Sí. Gemelos. Los gemelos estaban destinados a ser cercanos. Sin dejar nunca el lado del otro. Dos almas conectadas hasta el día en que murieran. Juntos. Así es como se supone que debiera ser.

Pero no con ellos. Se odiaban. Al menos, Yunho odiaba a Jaejoong. ¿Por qué? Quién sabe. El moreno era jodidamente perfecto, quizás fuera por eso. Sus calificaciones eran perfectas. Sus amistades eran perfectas. Su actitud era perfecta. Su apariencia era perfecta.
¿Cómo demonios se suponía que él debía compararse con eso? No era la culpa de Jaejoong, lo sabía. Sólo había nacido de esa forma. Pero entonces Yunho estaba con él. ¿Por qué no podía ser igual? ¿Por qué tenía que ser diferente?

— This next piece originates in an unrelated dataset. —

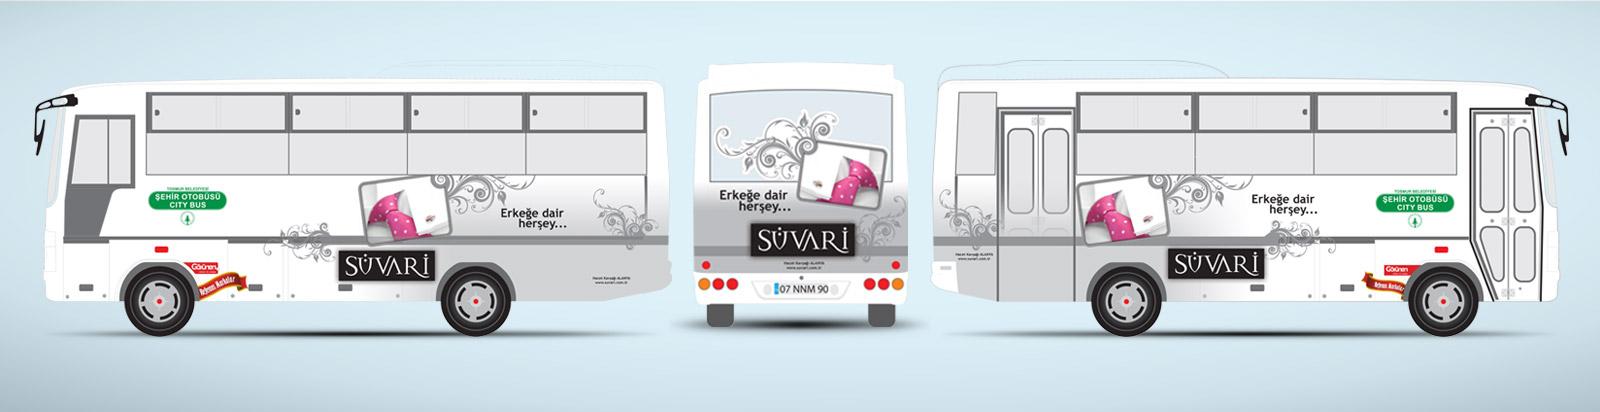 Giyim Mağazası Tanıtımı Halk Otobüsü Reklamı - Süvari

Quizás era por eso que odiaba a su hermano. Porque nadie más lo haría.

*

Jaejoong estaba tomando un examen sobre el último capítulo de su libro de texto. Se inclinó sobre él, marcando las respuestas que pensaba que eran correctas. Para ser honesto, en realidad no había leído el capítulo. Justo habían estado pasando su programa favorito.

Inesperadamente, se dobló, golpeando su frente contra la mesa. El ruido había hecho que todos lo miraran. Unos cuántos estudiantes se levantaron, tocándole el hombro gentilmente.

“No,” les dijo, sonriéndoles débilmente. “Estoy bi—” fue interrumpido cuando una violenta tos comenzó a sacudir su cuerpo. Ahora los alumnos se alejaron de él, cubriendo sus bocas. El moreno tapó la suya con su codo, luchando por ponerse de pie. Sus ojos se habían aguado, haciéndole difícil el poder ver.

“Yunho, ¿qué mierda estás haciendo?” pensó.

Casi caminó en dirección al escritorio del profesor, pero una mano amable lo apartó, conduciéndolo fuera de la sala.

“¿A dónde me llevas?” preguntó entre toses. El alto estudiante miró sobre su hombro con preocupación. “Al Edificio A. La Enfermería.”

Dejaron el edificio (Edificio C, para ser más específicos), corriendo por el pasillo. Un par de ojos los observaron desde el techo.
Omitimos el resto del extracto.